Security Council urges greater efforts by Iraq, Kuwait to resolve post-invasion issues
20 June 2012 – The Security Council today urged the Governments of Iraq and Kuwait to step up their engagement with the United Nations envoy helping the two countries resolve issues pending from Iraq’s 1990 invasion, including finding Kuwaiti or third-country nationals.
“The members of the Security Council welcomed the continued cooperation of the Governments of Iraq and Kuwait, and their high-level commitments to full implementation of all Iraqi obligations to Kuwait under the relevant resolutions,” the Council said in a statement issued to the press following a closed-door meeting.
The Council was briefed by Ambassador Gennady Tarasov, Secretary-General Ban Ki-moon’s High-Level Coordinator for the issue of missing Kuwait and third-country nationals and property, on Mr. Ban’s latest report on the issue.
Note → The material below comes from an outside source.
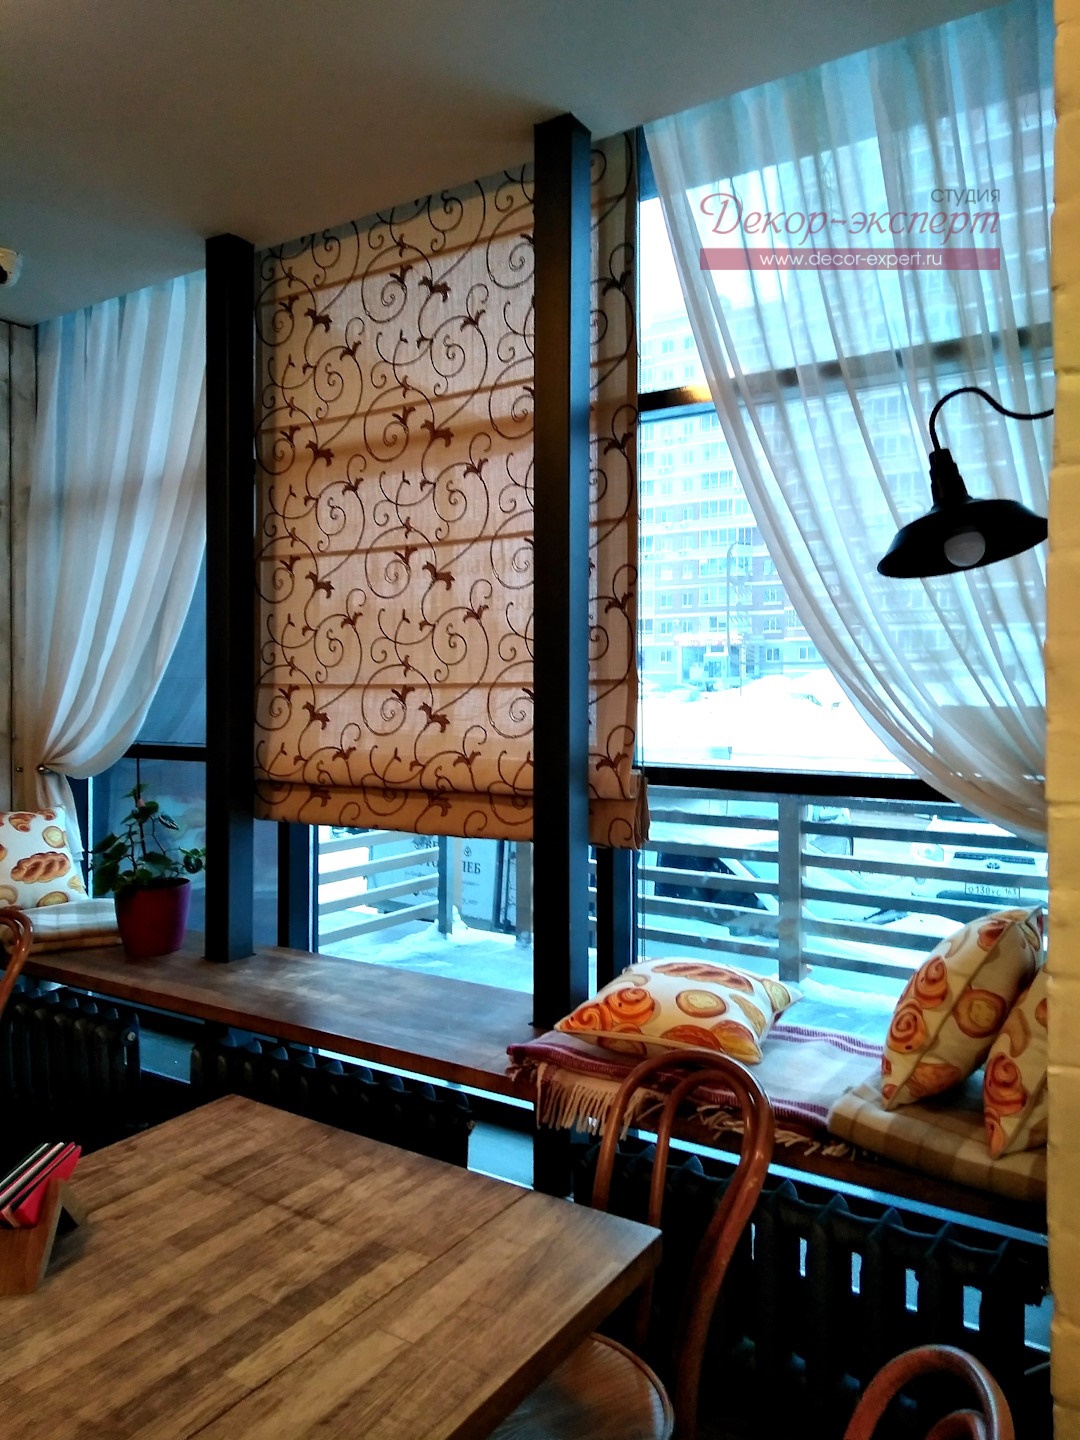 Вид слева на весь реализованный проект текстильного декора для окна в пекарне.

“The members of the Security Council recognised the proactive efforts on the part of Iraq in the search for missing Kuwaiti and third country nationals but stressed the need for Iraq to continue to build on the steps already taken to fully meet its commitments,” said the statement.
Council members welcomed the Iraqi Government’s establishment of an inter-ministerial committee to lead and coordinate efforts with regard to the Kuwaiti national archives.
“Whilst the members of the Security Council welcomed the recent return of microfilm cassettes, Kuwaiti currency, documents and safe keys, they noted the Secretary-General’s concern that no substantial progress has been made on clarifying the fate of the archives,” said the 15-member body.
“The members of the Security Council noted that sustained efforts on this file could bear results and repeated their call for an intensification of efforts to clarify the whereabouts of the archives,” it added.
The Council members urged the two Governments to sustain and intensify their constructive engagement with the High-Level Coordinator, and supported the Secretary-General’s opinion that both sides should begin exploring other arrangements to consolidate and ensure continued cooperation in the search for missing persons and property, including the national archives.